◆ Your assignment:
In the listing below, find each line with the string "temperature" and return it.

◆ Data for review:
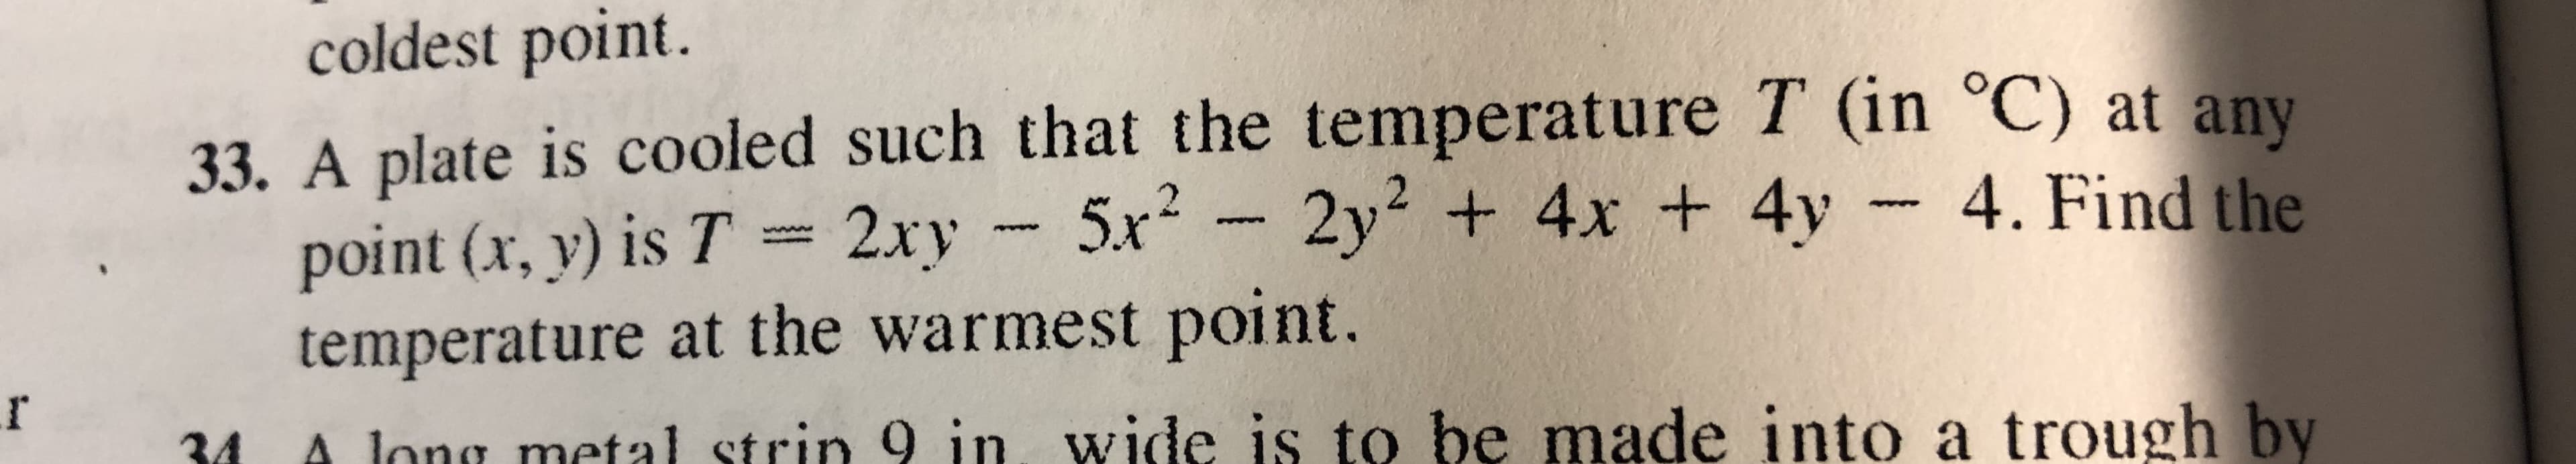 coldest point.
33. A plate is cooled such that the temperature T (in oC) at any
point (x,y) İs7-2xy-5x2-2y2 + 4x + 4y-4. Find the
temperature at the warmest point.
r4 A long metal strin 9 in wide is to be made into a trough by

◆ Solution to the problem:
33. A plate is cooled such that the temperature T (in oC) at any
temperature at the warmest point.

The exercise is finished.